From the NY Times article today on why men get married, then after a number of years, their gay identity emerges and they leave their wives for other men - the 'Brokeback Marriage'.

"Helen Fisher, a research anthropologist at Rutgers University, said in an interview that human partnerships are shaped by three independent neurochemical brain-body systems, responsible respectively for sexual attraction, romantic yearning and long-term attachment.

"The three systems are very fickle.
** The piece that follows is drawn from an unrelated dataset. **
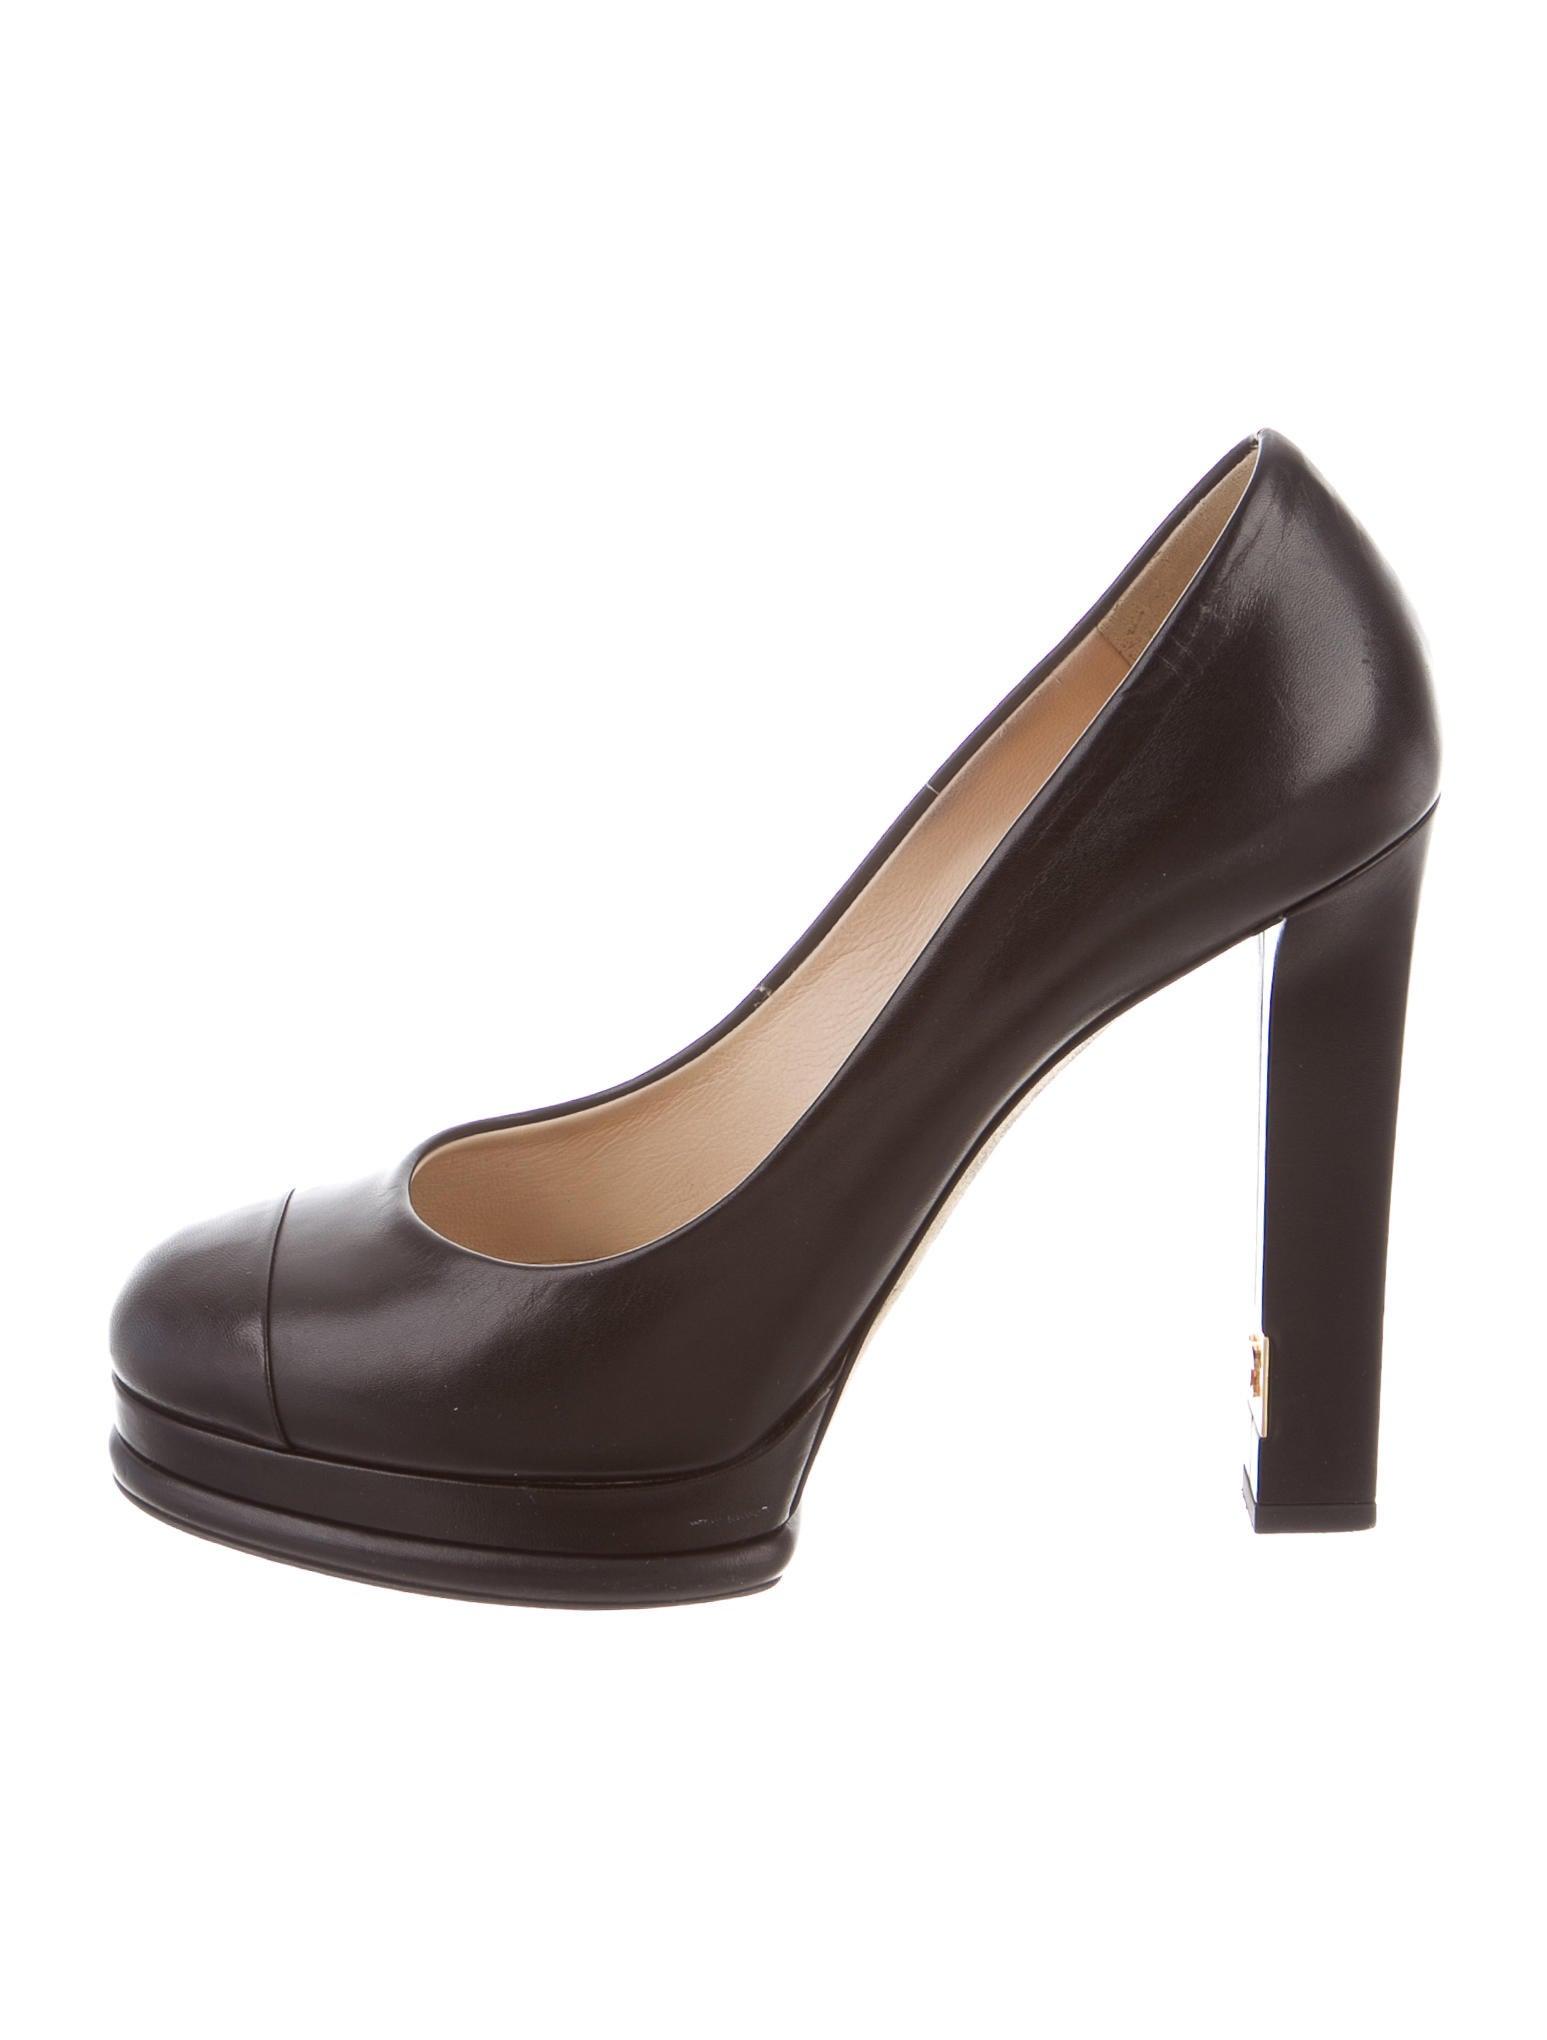 chanel leather platform pumps shoes cha160092 the

They can act together, or they can act separately," Dr. Fisher said. This, she said, helps explain why people can be wildly sexually attracted to those they have no romantic interest in, and romantically drawn to — or permanently attached to — people who hold no sexual interest.

"Once the system is triggered, it's so chemically powerful that you can easily overlook everything about that person that doesn't work for you," Dr. Fisher said. "Even straight people have fallen in love with people they could never make a life with," she said."

Monday, March 06, 2006

Shared misery

From the 'Modern Love' column in this past Sunday's NY Times':

"My head held high, I passed them, noting, with satisfaction, as I did, that they were neither holding hands nor standing particularly near each other. I thought about happiness, about how shared misery wasn't the same thing as intimacy.

"I had yet to entertain the much more radical notion that perhaps they weren't miserable, that whatever their difficulties (and clearly they had them) there might be something there worth preserving, that relationships were complex, imperfect systems. And that people were imperfect, that you might not have to be perfect to be loved, that you could be loved in spite of your imperfections or sometimes even because of them".

Thursday, March 02, 2006

it may not always be so; and i say

it may not always be so;and i say
that if your lips,which i have loved,should touch
another's,and your dear strong fingers clutch
his heart,as mine in time not far away;
if on another's face your sweet hair lay
in such a silence as i know,or such
great writhing words as,uttering overmuch,
stand helplessly before the spirit at bay;

if this should be,i say if this should be-
you of my heart,send me a little word;
that i may go unto him,and take his hands,
saying,Accept all happiness from me.
Then shall i turn my face,and hear one bird
sing terribly afar in the lost lands.